A pressure sensor 37 detects hydraulic pressure between the control
valve 24 and the lift cylinder 17 on the hydraulic pressure supply
line 31, i.e., hydraulic pressure applied to the head-side chamber
R1 in the lift cylinder 17, and outputs the detected pressure to
the control device 26. The control device 26 switches the
changeover valve 35 based upon the hydraulic pressure applied to
the chamber R1 and detected by the pressure sensor 37.
Specifically, the control device 26 functions as an operation
restricting device according to the present invention.
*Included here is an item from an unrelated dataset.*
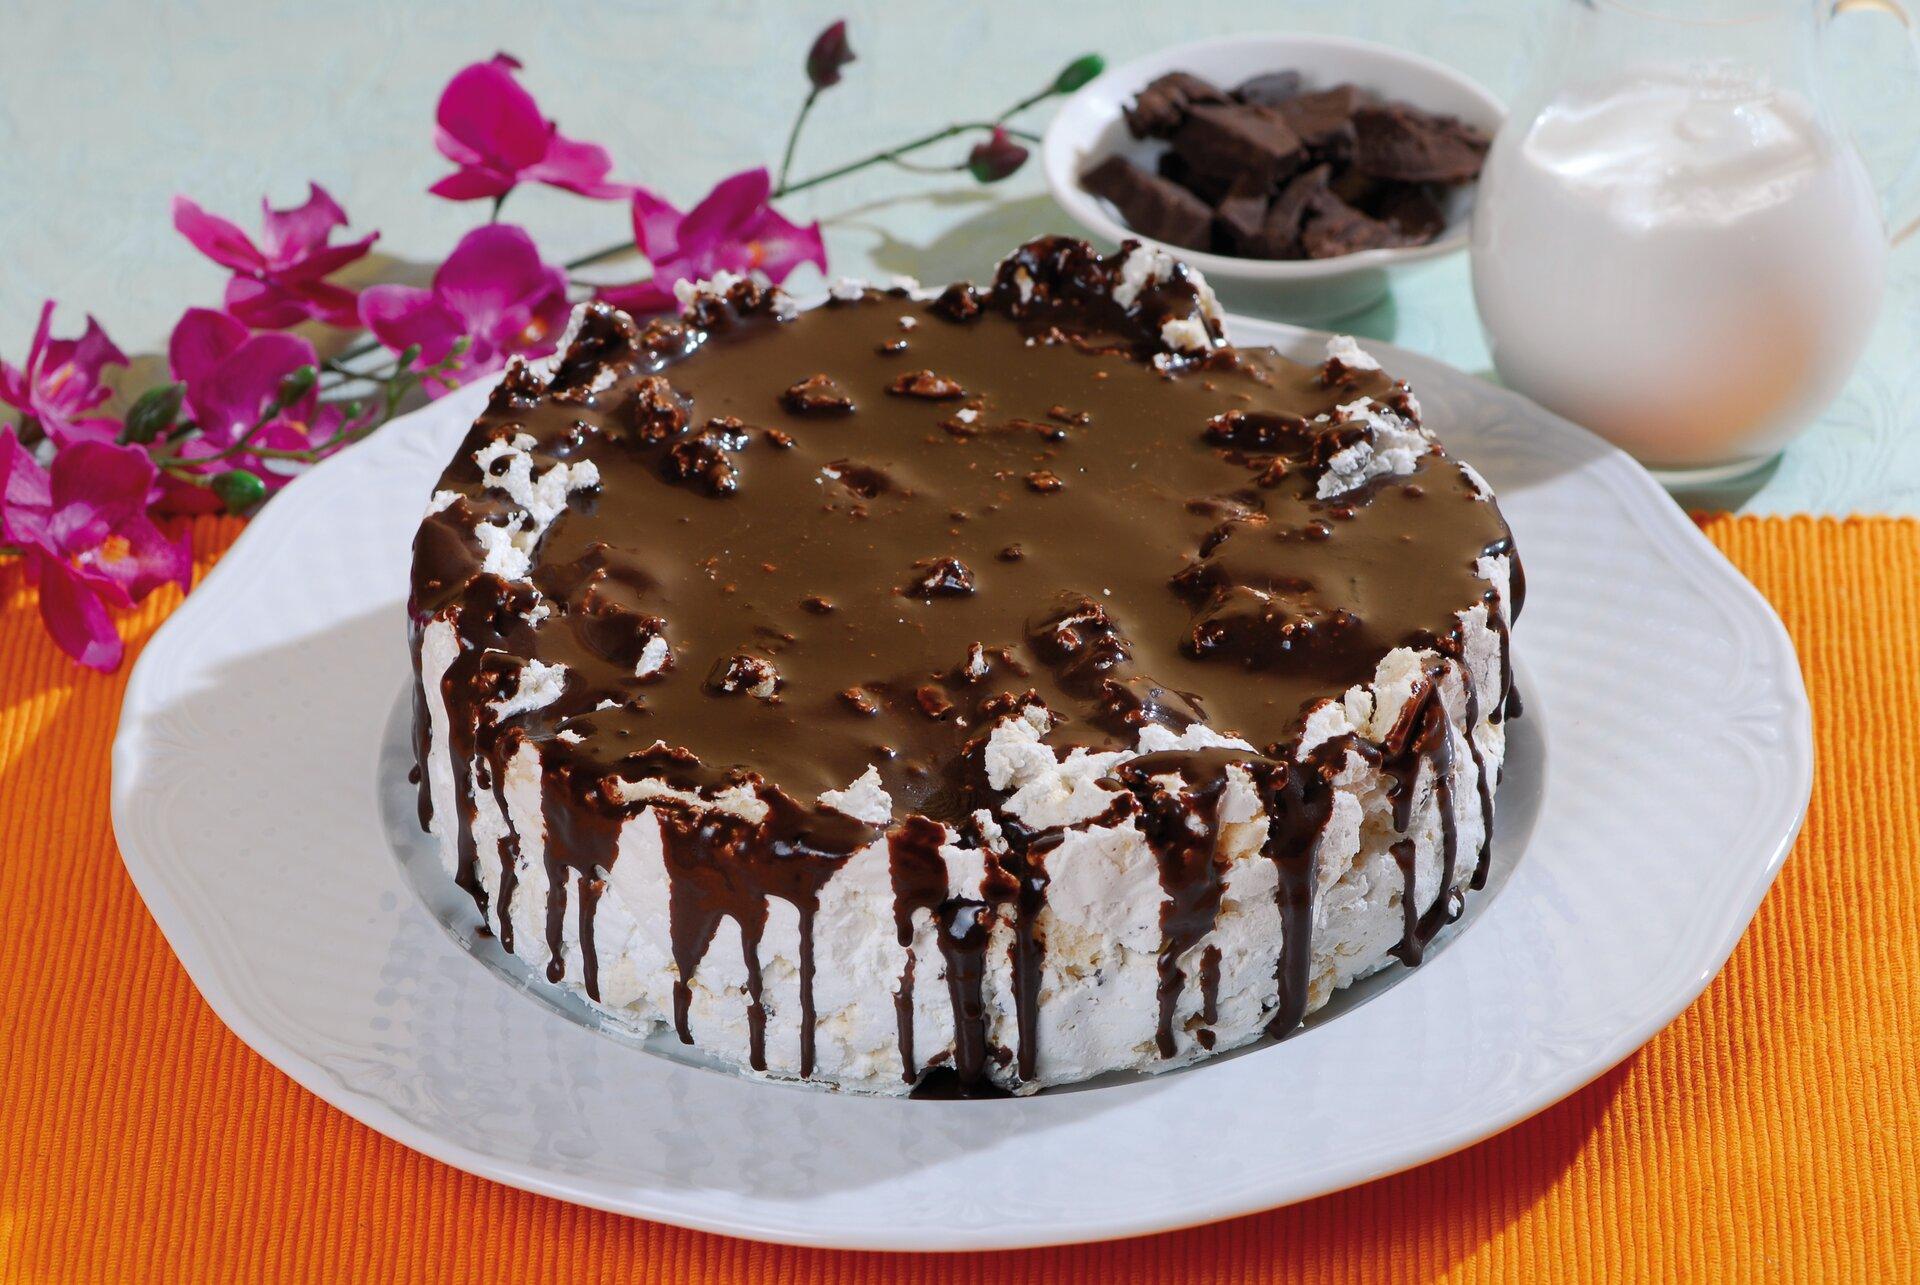 Ricetta Meringhe Cioccolato.Ricetta Meringata Al Cioccolato Agrodolce

When a
weight of a load on the fork 15 exceeds a limit load weight
(predetermined threshold value), the control device 26 changes the
pressure balance between the hydraulic pressure in the head-side
chamber R1 and the hydraulic pressure in the rod-side chamber R2 in
the lift cylinder 17 by the changeover valve 35 to restrict the
operation of the lift cylinder 17.
As described above, the position of the changeover valve 35 can be
switched between an exhaust position for connecting the rod-side
chamber R2 in the lift cylinder 17 and the tank 23a by the
hydraulic pressure exhaust line 34 and a communication position for
connecting the rod-side chamber R2 and the head-side chamber R1 in
the lift cylinder 17 by the hydraulic pressure exhaust line 34 and
the hydraulic pressure communication line 36. The control device 26
energizes the changeover valve 35 to change its position to the
communication position in order to allow the rod-side chamber R2
and the head-side chamber R1 in the lift cylinder 17 to communicate
with each other, when the weight of the load on the fork 15 exceeds
the limit load weight, i.e., when the hydraulic pressure applied to
the chamber R1 and detected by the pressure sensor 37 exceeds a
limit hydraulic pressure corresponding to the limit load
weight.
It is desirable that the limit hydraulic pressure is obtained in
advance by experiments as hydraulic pressure corresponding to the
limit load weight. It is also desirable that the limit hydraulic
pressure is set lower than relief pressure of the relief valve
33.
According to this configuration, when the operator operates the
operation device 25 to output an operation signal for lifting the
fork 15, the control device 26 drives the pump 22 and drives the
control valve 24 based upon the operation signal from the operation
device 25. Specifically, the control device 26 supplies
predetermined hydraulic pressure to the head-side chamber R1 in the
lift cylinder 17 via the hydraulic pressure supply line 31 by the
control valve 24. With this operation, the rod 17a of the lift
cylinder 17 moves up to move the wire 19 via the guide roller 18,
whereby the fork 15 is pulled and lifted up. Therefore, the load
can be lifted.
In this case, the pressure sensor 37 detects the hydraulic pressure
supplied to the head-side chamber R1 in the lift cylinder 17, and
outputs the detected pressure to the control device 26. The control
device 26 compares the hydraulic pressure applied to the chamber R1
and the limit hydraulic pressure set in advance. When determining
that the hydraulic pressure applied to the chamber R1 is not more
than the limit hydraulic pressure, the control device 26 keeps the
changeover valve 35 in the non-energized state, whereby the
rod-side chamber R2 in the lift cylinder 17 and the tank 23a
communicate with each other by the hydraulic pressure exhaust line
34. Therefore, when the rod 17a of the lift cylinder 17 moves up by
the supply of the hydraulic pressure to the head-side chamber R1,
the hydraulic pressure in the rod-side chamber R2 is exhausted to
the tank 23a from the hydraulic pressure exhaust line 34, with the
result that the lift cylinder 17 appropriately operates to lift the
load by the fork 15.
The rod 17a of the lift cylinder 17 moves down to lower the fork
15. Therefore, the hydraulic pressure in the head-side chamber R1
is returned to the tank 23 by the control valve 24, while the
capacity of the rod-side chamber R2 increases. Accordingly, the
hydraulic pressure (working fluid) in the tank 23a is drawn into
the chamber R2 through the hydraulic pressure exhaust line 34.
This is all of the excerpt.